Конец спору положил громкий стук в ворота и незнакомый встревоженный голос:
— Эй, хозяева, отворяйте! У нас тут человек помирает, помощь нужна!
Дети кинулись к лестнице. Растолкать храпящих в каморе батраков оказалось делом непростым: Жар слышал, как они возвращались уже после первых петухов[10], дурацки хохоча и спотыкаясь. Одно место вообще пустовало.
Когда толпа взъерошенных, злых мужчин вывалилась из сеней, у ворот уже стояли Фесся и дедок, ругаясь с незваными гостями.
— Да вы кто такие будете-то?
— Люди, разве не видно?!
— Люди разные бывают!
— Да свои мы, свои! В Копытье живем, поросят в город на продажу возили!
— Давай туда! — Жар схватил подругу за руку и потащил в противоположную сторону, к сараям. С колоды на низенький курятник, с курятника на крышу свинарника, а оттуда видно, что делается и но эту сторону забора, и по ту.
Перед все еще запертыми воротами стояла телега-двупряжка, но меж оглобель почему-то была только одна корова, неловко вывернувшая шею из-за перекошенной упряжи. Гостей оказалось трое: рослые усатые мужики в пыльной потрепанной одежде. У одного из носков лаптей выглядывали пальцы с черными ногтями, другой кутался в наброшенную на плечи дерюгу. На телеге лежало что-то длинное и неподвижное.
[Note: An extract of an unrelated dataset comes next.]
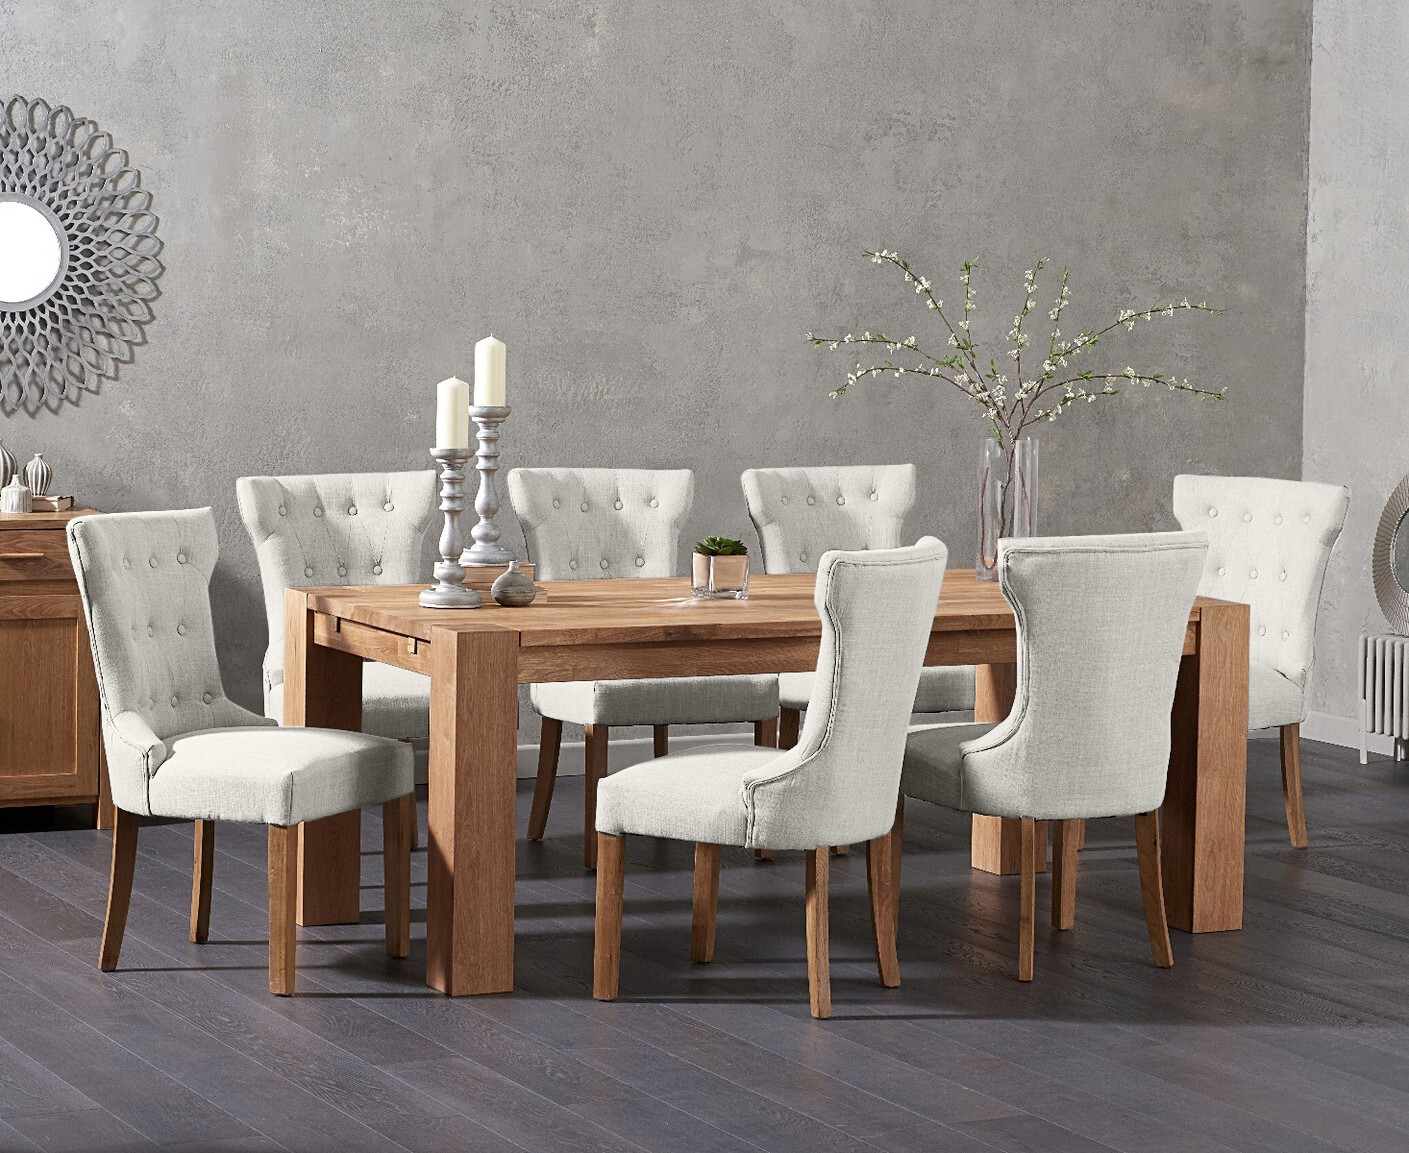 Photo 2 of Sheringham 200cm solid oak dining table with 6 grey clara chairs

Пришельцы раздраженно уверяли, что они не разбойники. Батраки не сомневались, что разбойники именно это бы и говорили.
— Езжайте вон дальше по дороге, там веска будет!
— А ежели наш друг вот-вот помрет?!
— Нам труп в доме тоже не нужен! Пустишь во двор какую-нибудь холеру, сам потом месяц не отмоешься!
— Да где ж он холерный — раненый! На нас самих возле яра разбойники напали, всю выручку отняли. Шанек отдавать не хотел, так они его ножиком…
— Тетя Фесся! — неожиданно подала голосок Рыска. — Пустите их, пожалуйста! Они правду говорят.
— Ты что, их знаешь? — удивился Жар.
— Нет… но знаю, что не врут! — Девочка змейкой соскользнула с крыши и побежала к воротам.
Батраки вняли не то детскому гласу, не то совести и ворота таки открыли. Гости окриками и пинками (скорей, пока хозяева не передумали!) заставили усталую корову тронуться с места и затащить телегу во двор. Убедившись, что на ней действительно лежит раненый человек, а не куча мечей под тряпьем, хуторяне подобрели. Фесся побежала будить Муху, дедок, вроде как знавший толк во врачевании, послал детей за теплой водой и чистой ветошью.
Копытинцы расселись на песочке под стеной дома, не веря, что их мытарства остались позади.